Every day is a truth day - omne ens est bonum - every day is a good day, a beautiful day!
As I walked across and along the river, over the expressway (what a word!), up the hill that is Sandyford Street, by the fire-station and the wonderful (now empty) school building (built 1897), I pass west through the small copse of tangled trees between the hospital and the railway line towards Yorkhill Park. As I do, the last of the sun's light glinting through the trees is being gradually enveloped by a great shelf-cloud which occupies the whole of the visible horizon. The golden light fizzles through the trees before the cloud eventually swallows it up. Further down at the base of Yorkhill Park the spare ground here has already itself been swallowed up by the property developers. Slowly, perhaps too slowly for people to see, all these nooks and crannies, these little invaluable spaces, are being devoured by the constructivist ones, until one day, we might look back and ask, where has all the space gone?
Up at the university library, Level 10, Philosophy and Theology ('philosophy without theology is irrelevant, and a theology without philosophy is more or less superstitious credulity' writes Raimon Panikkar somewhere in there), I fall upon Kitaro Nishida's An Enquiry into the Good.
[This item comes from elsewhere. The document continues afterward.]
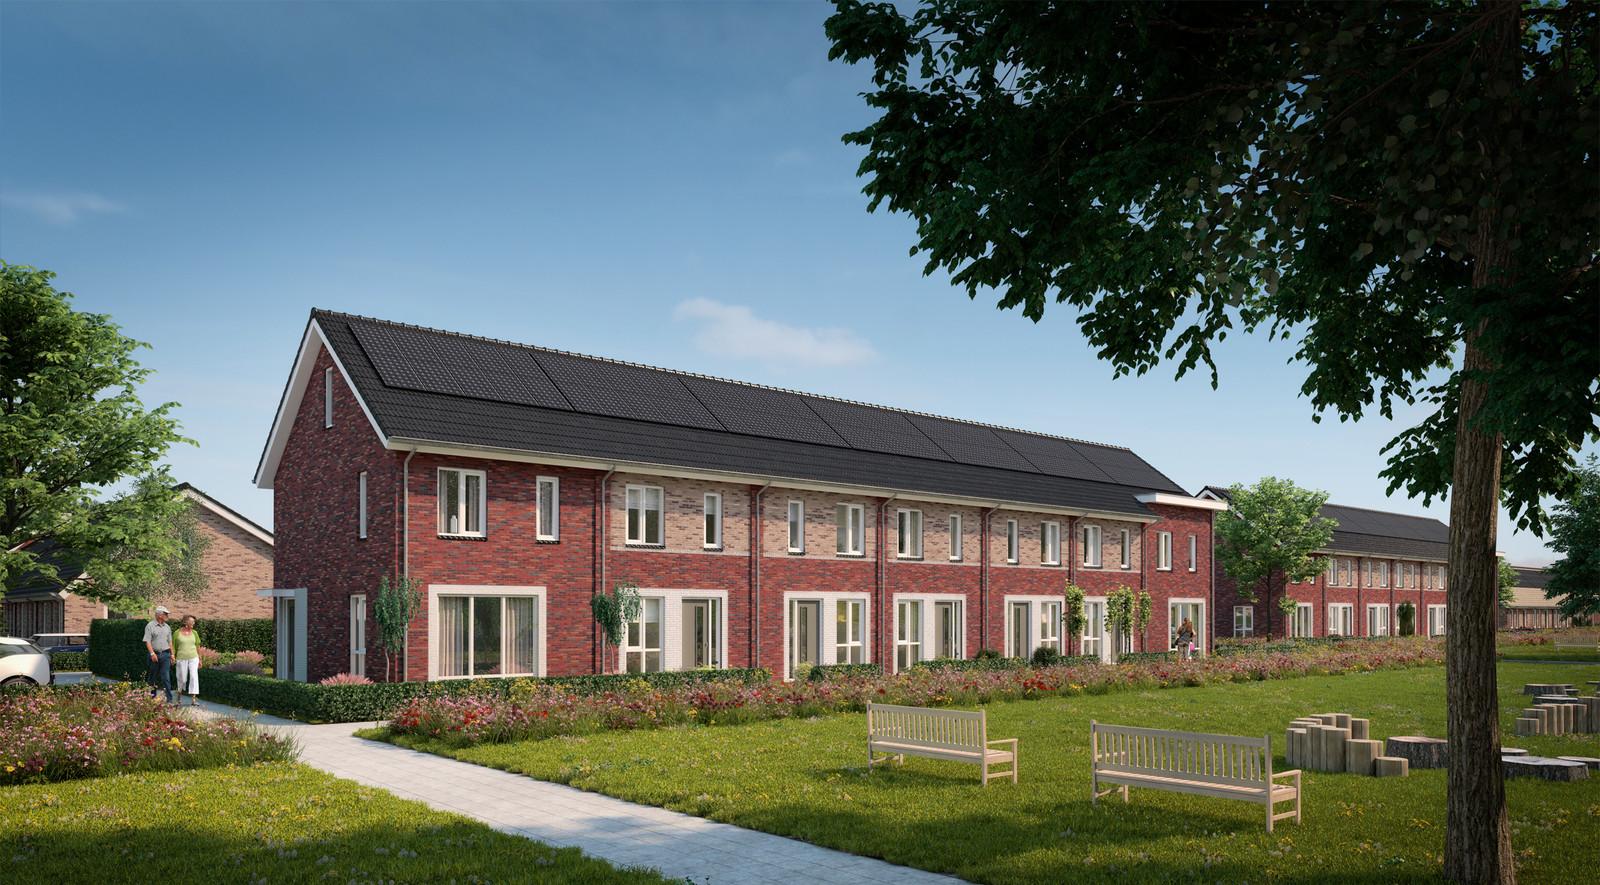 De eengezinswoningen die in de Bloemenbuurt in Doesburg worden gebouwd.

Goodness is a gathering together (a necessary tautology) of (the spirit of) all things (of their actuality). If we look at the etymology (the truth of the origin of the word) of 'good' we can trace it as far back (in time and space) as the pre-Indo-European root ghedh- meaning to unite and to associate. This corresponds with the proto-Germanic gothaz and the Old Norse goor to the Old English gaedrian meaning to gather, to put together ('together' deriving from the same source). The result of this 'gathering together' is the gradual arising of 'God' which according to Kitaro is 'the unity of the universe' ('infinite love, infinite joy, and peace'), and the awakening of the great Self (what the Hindus refer to as Brahman). Goodness and Godness are as similar as their orthography would imply. With this awakening of the Self (the dissolution of the small self into the immeasurable Self) comes pure being (actuality) and what Aristotle called 'perfect action'. Goodness spills forth - one does not 'try' to be good, rather good is being, or simply, good is. It irradiates forth like the sun's rays. Thus, Aristotle can say that the good is happiness (eudaimonia) [but a happiness that is not pleasure, see "State of Grace - From Kinning Park to Glasgow Green", but liberation from it into the realm of well-being and 'infinite joy'].
'The satisfaction of... the realization of ideals always constitutes happiness,' writes Nishida. Which is why the Teutonic theosopher Jakob Boehme wrote, 'The infinite freedom of the human heart proves God directly'. 'The highest good, in other words,' Nishida continues, 'is for our spirit to develop its various abilities and to achieve a perfect development. In this way Aristotle's entelechie is the good (the completed reality of an entity and the power of the entity to reach completion). For a human to display his or her innate nature - just as a bamboo plant or a pine tree fully displays its nature - is our good. Spinoza said that virtue is to function in accordance with the self's own nature'.
'[...] In this regard the good is beauty... Beauty is felt when things are realized'.
"And God said, 'Let there be light, and there was light. And God saw that the light was good".
One could also say that this is the true, that the light was true, or indeed beautiful. Thus, I can say, Tuesday - truth day.... omne ens est bonum (all reality is good)... every day is a good day, a beautiful day.
The sun's rays leap across the horizon of being and understanding.